Trolls of Fairy Tales and Trolls of Legend

A taste of Arvid Kristoffersen’s artwork at the Troll Lounge

Clay County Histories

Markus Krueger | Program Director HCSCC

I recently became obsessed with trolls. Yeah, I admit it, the obsession was sparked by the unveiling of Danish artist Thomas Dambo’s six massive wooden troll sculptures around Detroit Lakes this summer. Like everybody else, I trekked through forests and meadows searching for trolls. Dambo’s trolls are the trolls of fairy tales: ancient, giant, lovably ugly, magical creatures of nature. I love eve-rything about them.
In the mid-1800s, friends Peter Asbjornsen and Jorgen Moe travelled throughout Norway collecting folklore and fairy tales, inspired by the work of German brothers Wilhelm and Jacob Grimm. Every child in Scandinavia knows Asbjornsen and Moe just like every American kid knows Mother Goose and Walt Disney. The English-speaking world’s concept of trolls mostly comes from translations of Asbjornsen and Moe’s Norwegian stories. You know the Three Billy Goats Gruff, don’t you? That was them.
I’ve seen the Sistine Chapel, but I prefer the Troll Lounge at Fargo’s Sons of Norway Lodge. Fifty years ago in 1974, Norwegian-American artist Arvid Kristoffersen depicted ugly, silly, magical, an-cient forest trolls on their way to a troll party in a 96-foot-long painted mural that includes 22 wood carvings and a short story booklet by the bar. Arvid began with the world of Asbjornsen and Moe, but he used his imagination to create a new troll fairy tale all his own.
Fairy tale trolls are safe monsters, and it is fun to play with monsters. The Count on Sesame Street and Count Chocula are fun and safe versions of the blood-sucking undead vampires of Eastern Eu-ropean legend. The difference between monsters of fairy tales and monsters of legend is that leg-ends are stories that people think maybe – just maybe – might be true.
Trolls of legend (or trolls for grownups) have always lurked in the forests of Scandinavia.
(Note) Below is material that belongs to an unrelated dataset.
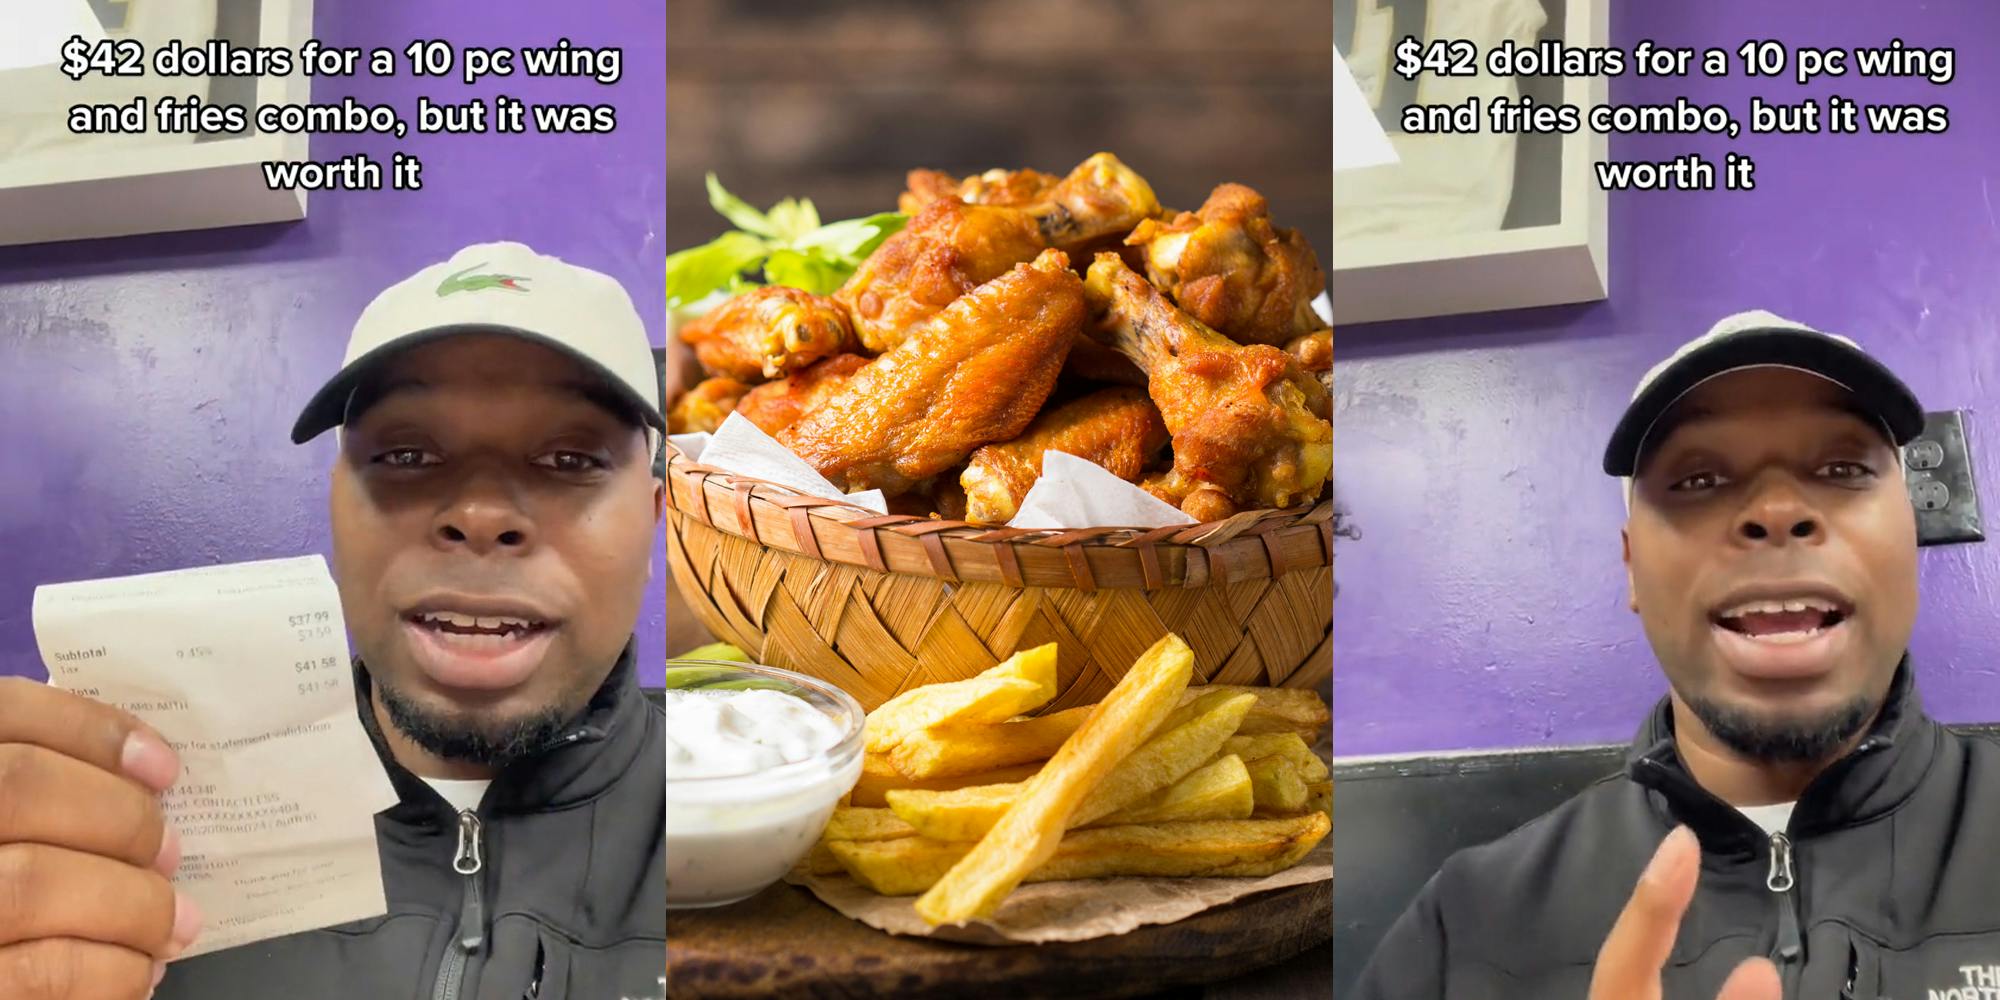 customer holding receipt with caption "$42 dollars for a 10 pc wing and fries combo, but it was worth it" (l) wings and fries on wooden surface (c) customer speaking caption "$42 dollars for a 10 pc wing and fries combo, but it was worth it" (r)

They are the “hidden folk” who want to take you. Forest trolls so big you don’t notice them except out of the corner of your eye. Shapeshifting Nokken lure you into lakes and rivers. If a beautiful girl invites you to follow her into the woods, check to make sure she doesn’t have a cow’s tail, because she may well be a Hulder. Like the devil, trolls are drawn to bad behavior and are thus, ironically, enforcers of good behavior. Stay inside at night or the trolls will snatch you. Don’t follow strangers into the woods. Don’t skip church or they’ll come for you.
Just like children, adults like to feel scared and safe at the same time, so our monsters of legend act according to strict rules. If we follow those rules, we will not be their victims. Keep garlic around and don’t invite suspected vampires into your house. Lock your doors during a full moon. Don’t mess with Ouija boards. The formulaic rules that dictate who dies in horror movies reassure us that we won’t be victims if we follow proper behavior. Don’t go into that basement alone. Don’t park your car in the woods to smooch your sweetie.
I am ready for Halloween season, to indulge in stories that modulate between safely spooky and legitimately frightening. Children will dress up in cartoon green Frankenstein masks, a fairy tale version of a 200-year-old story about a reanimated corpse. And grownups will wonder what really happened in Salem, Massachusetts, back in 1692.